Mailing address: Department of Laboratory Medicine and Pathology, University of Washington, Seattle, WA, 98195-7470, USA.
Email: ab62@uw.edu
Received: 06 August 2024 / Accepted: 8 August 2024 / Published: 30 September 2024
DOI: 10.31491/APT.2024.09.154
Abstract
The article is an interview with Prof. Stephen C. Bondy, Department of Environmental & Occupational Health and Department of Medicine, University of California, USA, conducted by Alessandro Bitto of the Department of Laboratory Medicine and Pathology, University of Washington, Seattle, WA, USA, on behalf of Aging Pathobiology and Therapeutics.
Stephen C. Bondy, PhD
Stephen Bondy is Professor of Neuroscience at the Center for Occupational and Environmental Health at the University of
California, Irvine. He obtain an M.A. from the University of Cambridge in 1962 and a Ph.D. in biochemistry from the University of
Birmingham. He has held positions at Columbia University, UCLA, University of Colorado, and the National Institute for Environmental
Health Sciences where he was Head of the Neurochemistry Section. The focus of his research concerns the mechanistic processes
underlying the effect of environmental or nutritional agents in altering the rate of brain aging, with an emphasis on the
contribution of inflammatory events to neural aging, and the potential slowing of brain aging by antioxidants and anti-inflammatory
agents such as melatonin. Prof. Stephen Bundy has published more than 400 articles in the field.
(https://www.faculty.uci.edu/profile/?facultyId=2283)
Alessandro Bitto: Can you give a general introduction to your research direction?
Stephen C. Bondy: I am interested in the fact that most disease states involve misguided enthusiasm by
the immune system, leading to a non-productive and extended inflammatory state. In view of our rapidly aging population and the
fact that age is associated with such a chronic inflammatory condition, the question as to what forms the basis of this unhelpful
response and what can be done to alleviate it need to be addressed.
Alessandro Bitto: Can you tell us about your career path so far? What has been the most interesting stage
of your scientific career?
Stephen C. Bondy: My career has been rather long and in consequence has several facets but it has always
been focused on the central nervous system.
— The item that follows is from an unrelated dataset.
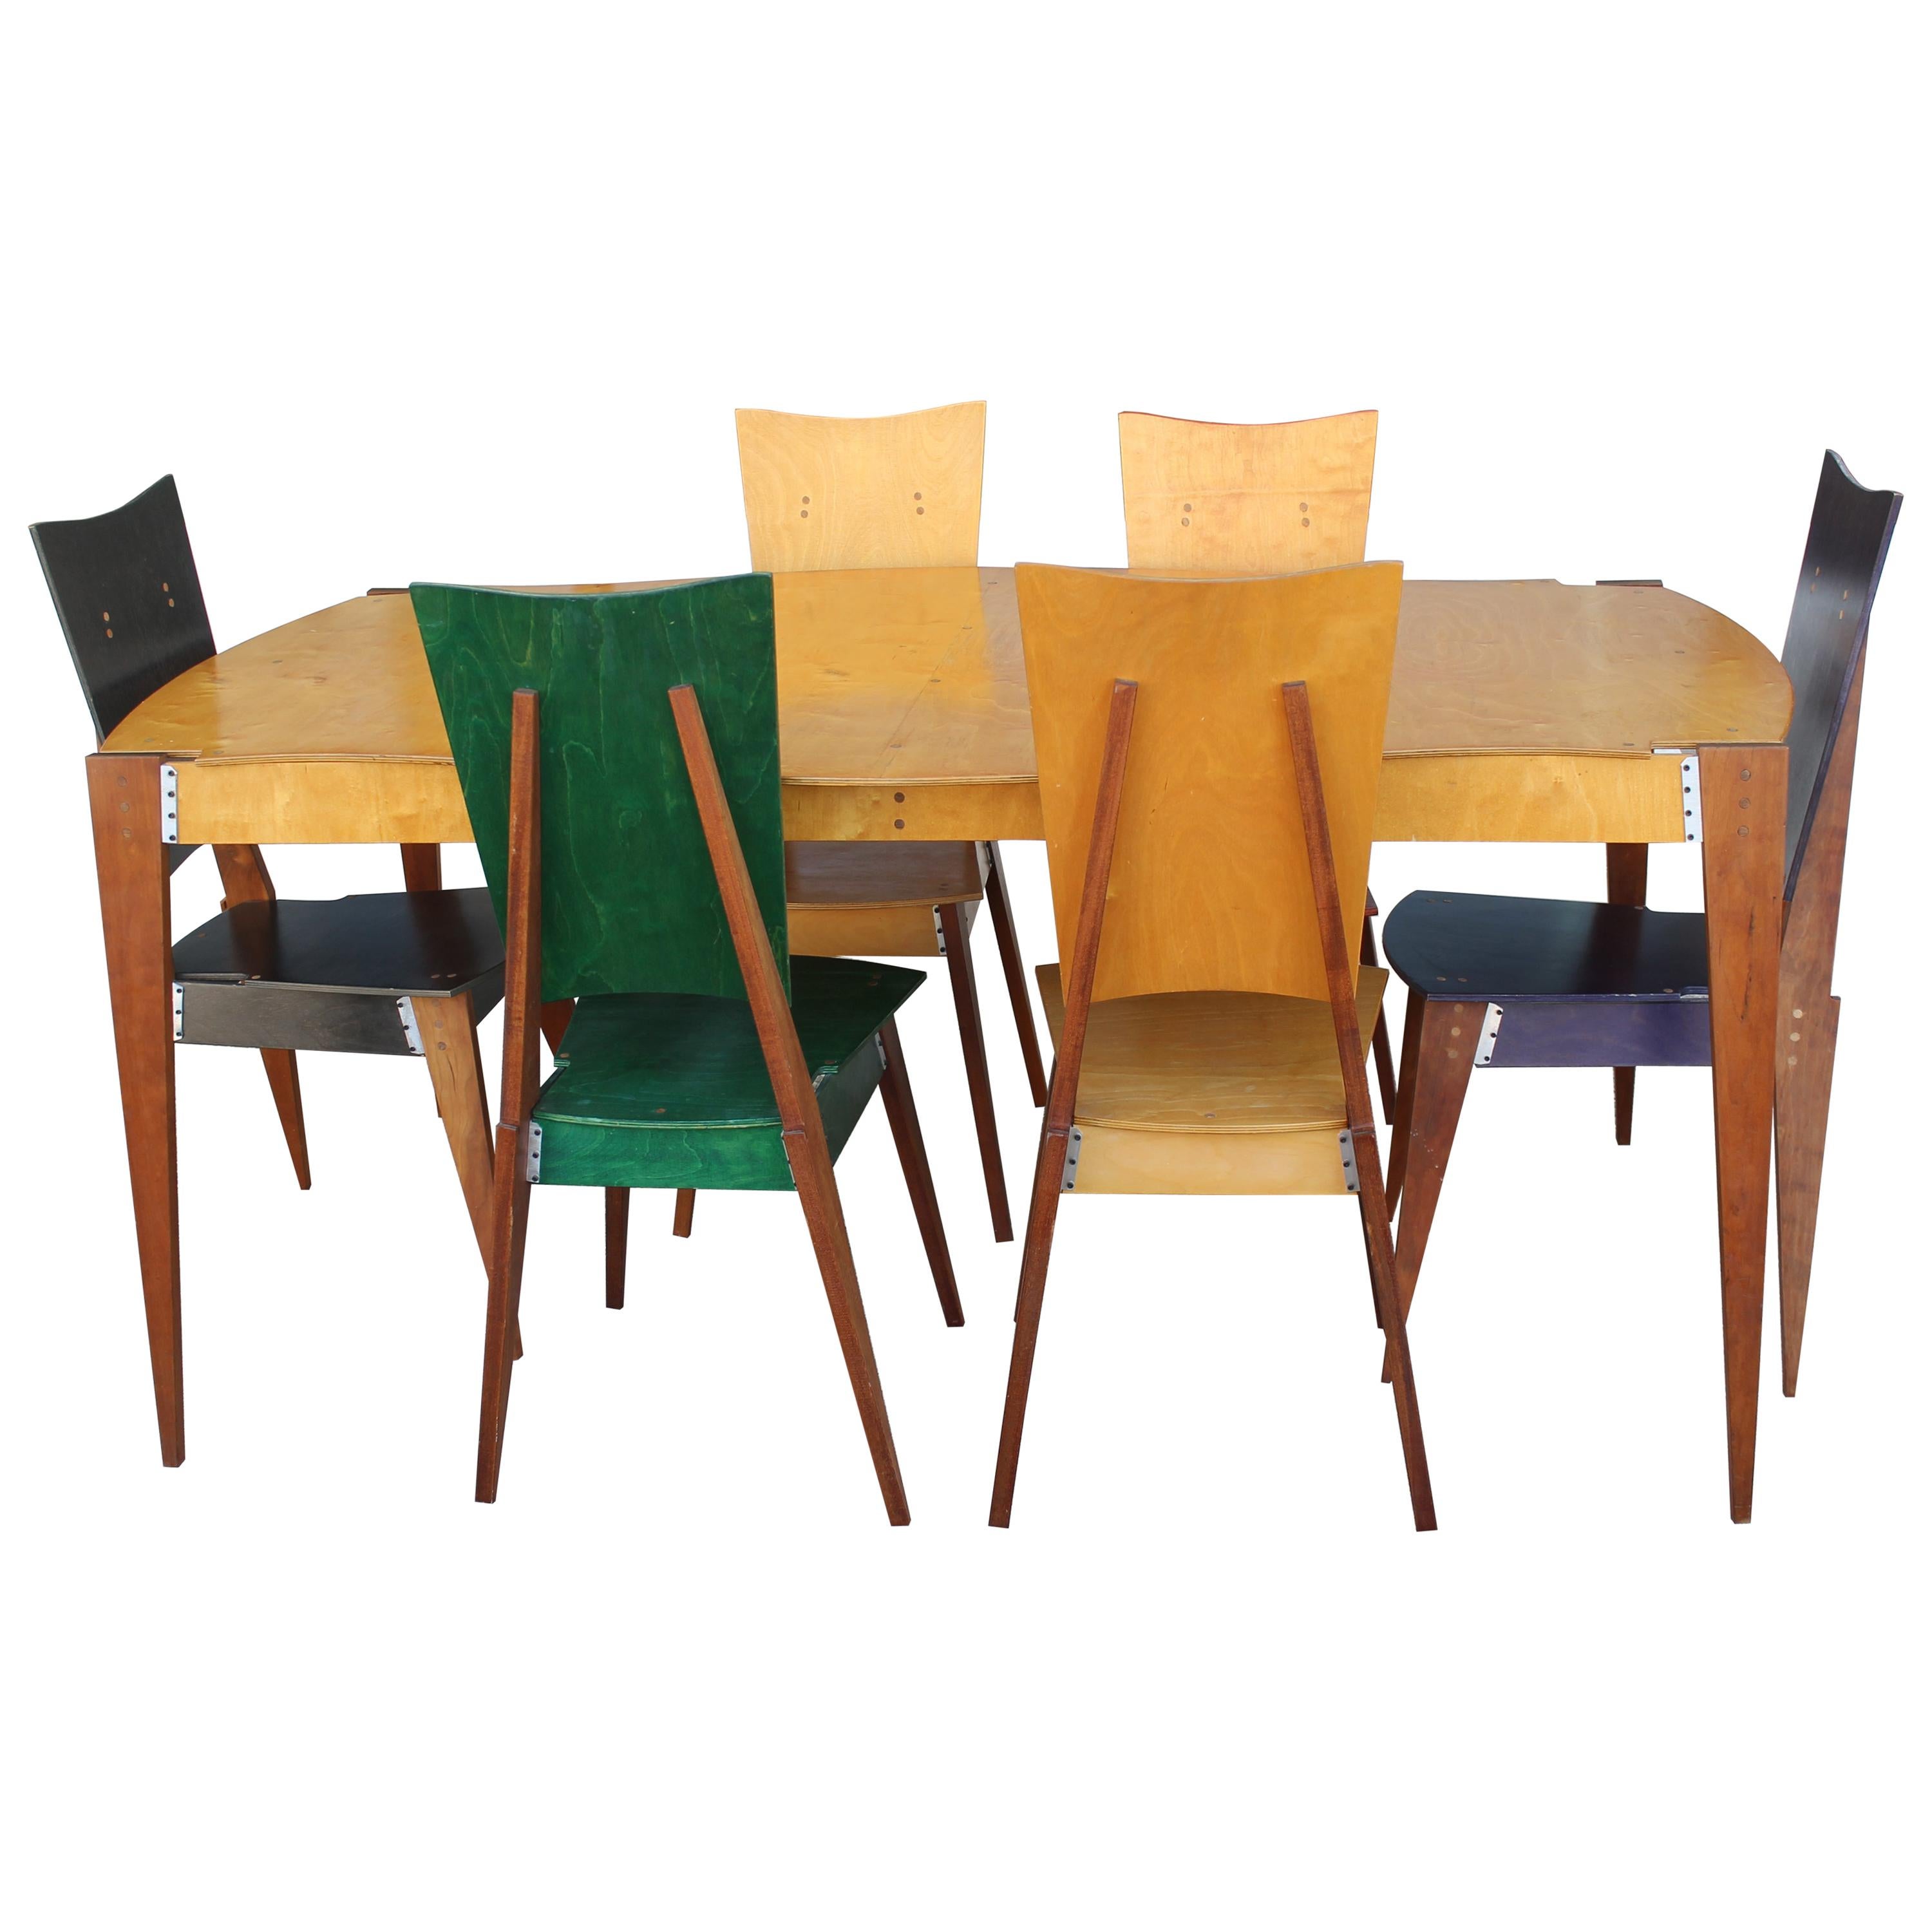 Dining Set, Six Chairs and Table by Randy Castellon, Maker Studio

As a graduate student I was assigned the job of characterizing brain proteins. The
methodology was rather primitive in those days.
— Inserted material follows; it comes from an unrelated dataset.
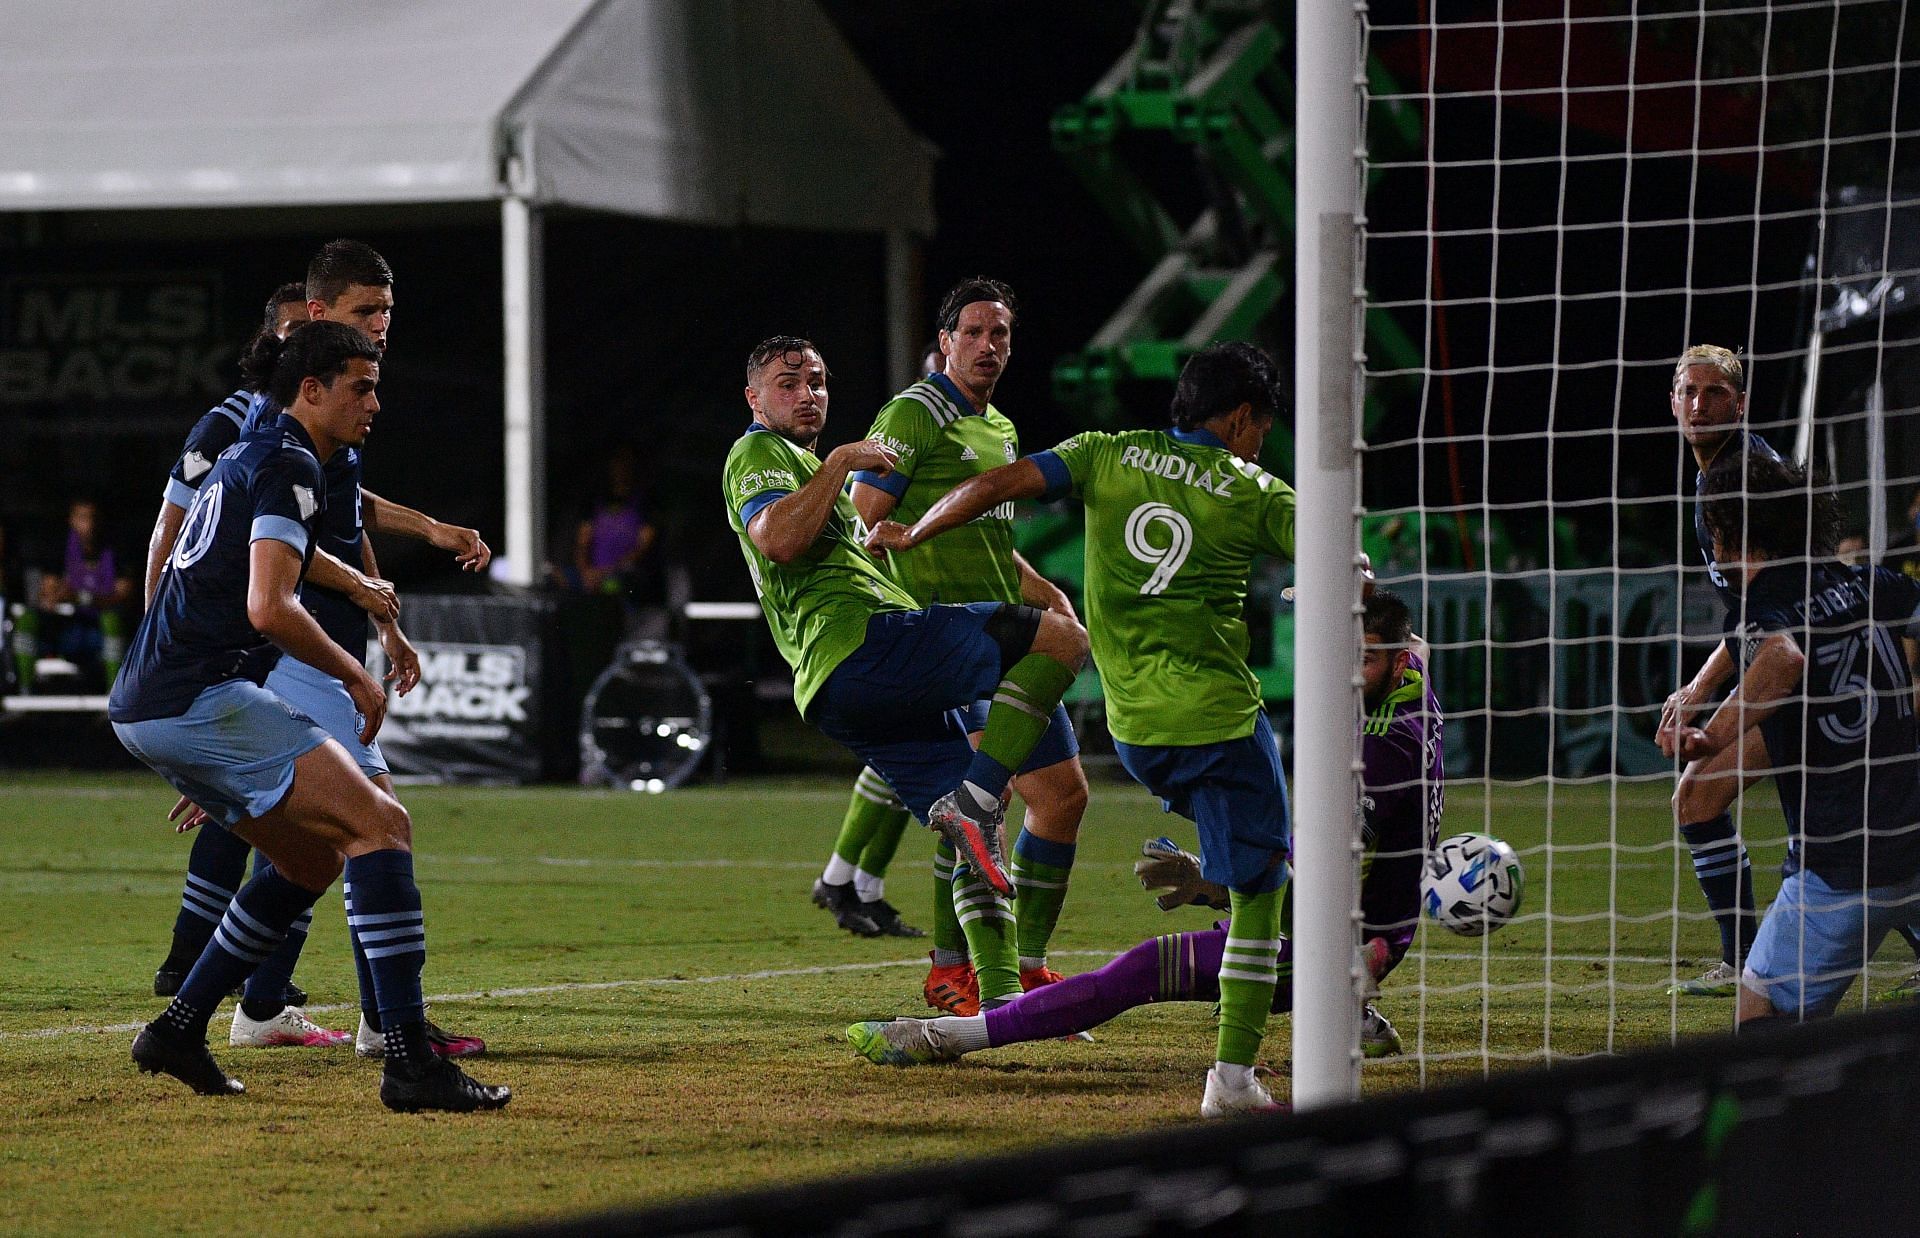 Seattle Sounders take on Vancouver Whitecaps this week

Later my laboratory developed a method of determining levels of free ionic intracellular calcium within cells using a fluorescent
probe. This is usually very low but many toxic agents elevated this to harmful concentrations. We also pioneered the use of a
fluorescent probe (DCFH-DA) that measures reactive oxygen species in tissues. This turns out to be our most widely cited paper. We
then exploited these two methods by applying them to a range of neurotoxic materials. This was subsequently widely adopted by
other laboratories.
When molecular biology arrived, naturally I was interested. One of my graduate students was the first to quantitate cerebral mRNA.
We later demonstrated that the genetic profile of the brain during aging shows increasing expression of inflammatory genes even in
the absence of a provocative immune stimulus. This altered expression of genes with senescence could be blocked in the brain by
dietary melatonin which largely restored the pattern of gene expression to a more youthful configuration.
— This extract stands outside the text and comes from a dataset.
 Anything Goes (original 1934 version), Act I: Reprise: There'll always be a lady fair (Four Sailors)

Unexpected findings that are not based on your hypotheses are always exciting. An example: my assistant carefully retained the
bodies of our experimental animals although I was only interested in cerebral effects of melatonin. did. Because of her diligence,
we found that the dietary use of melatonin dramatically reduced the overall rate of tumor development in aged mice. This
unanticipated departure from our predictable hypothesis-based work was exhilarating. The implications of this work which utilizes
an inexpensive and very non-toxic chemical are not trivial.
Alessandro Bitto: What do you see as the most promising way forward to increase lifespan/healthspan in
the human population? Drugs, dietary interventions, lifestyle interventions, others?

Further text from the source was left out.